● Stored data
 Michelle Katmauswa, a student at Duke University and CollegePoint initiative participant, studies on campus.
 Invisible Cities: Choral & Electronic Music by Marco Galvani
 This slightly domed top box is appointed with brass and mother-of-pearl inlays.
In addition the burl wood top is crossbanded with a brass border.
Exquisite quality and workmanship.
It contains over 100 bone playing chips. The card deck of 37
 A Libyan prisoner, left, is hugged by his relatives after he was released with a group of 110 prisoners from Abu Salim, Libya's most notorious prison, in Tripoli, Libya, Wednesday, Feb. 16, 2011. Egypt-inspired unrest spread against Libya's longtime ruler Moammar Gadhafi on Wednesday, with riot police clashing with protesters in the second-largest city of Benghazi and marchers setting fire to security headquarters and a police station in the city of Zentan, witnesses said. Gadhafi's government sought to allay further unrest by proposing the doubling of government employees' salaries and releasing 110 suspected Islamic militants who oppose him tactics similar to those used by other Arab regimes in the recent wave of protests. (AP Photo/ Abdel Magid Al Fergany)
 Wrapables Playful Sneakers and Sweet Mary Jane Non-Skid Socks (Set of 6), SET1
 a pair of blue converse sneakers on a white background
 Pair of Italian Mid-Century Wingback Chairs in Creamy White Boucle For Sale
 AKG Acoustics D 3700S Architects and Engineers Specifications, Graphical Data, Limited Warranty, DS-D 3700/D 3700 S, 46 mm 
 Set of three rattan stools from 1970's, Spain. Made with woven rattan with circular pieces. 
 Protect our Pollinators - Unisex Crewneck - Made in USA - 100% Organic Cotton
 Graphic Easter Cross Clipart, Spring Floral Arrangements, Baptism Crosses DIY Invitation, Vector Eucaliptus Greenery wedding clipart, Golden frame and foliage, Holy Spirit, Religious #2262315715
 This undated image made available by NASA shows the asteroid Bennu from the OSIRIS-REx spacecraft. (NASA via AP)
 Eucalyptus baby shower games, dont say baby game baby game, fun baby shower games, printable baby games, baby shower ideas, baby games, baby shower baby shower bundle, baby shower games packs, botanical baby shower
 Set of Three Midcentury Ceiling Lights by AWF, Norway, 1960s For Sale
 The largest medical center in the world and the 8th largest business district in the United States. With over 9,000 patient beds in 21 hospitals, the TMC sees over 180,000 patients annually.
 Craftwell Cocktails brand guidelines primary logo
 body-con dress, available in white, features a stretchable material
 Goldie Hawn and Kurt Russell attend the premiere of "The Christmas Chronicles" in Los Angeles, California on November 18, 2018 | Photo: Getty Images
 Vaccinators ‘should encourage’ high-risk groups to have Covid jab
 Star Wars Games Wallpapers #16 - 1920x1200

● The problem
Your reply should hold only the lines from the first line of the records through the one with "It contains over", reproduced word for word.

● The completed task
 Michelle Katmauswa, a student at Duke University and CollegePoint initiative participant, studies on campus.
 Invisible Cities: Choral & Electronic Music by Marco Galvani
 This slightly domed top box is appointed with brass and mother-of-pearl inlays.
In addition the burl wood top is crossbanded with a brass border.
Exquisite quality and workmanship.
It contains over 100 bone playing chips. The card deck of 37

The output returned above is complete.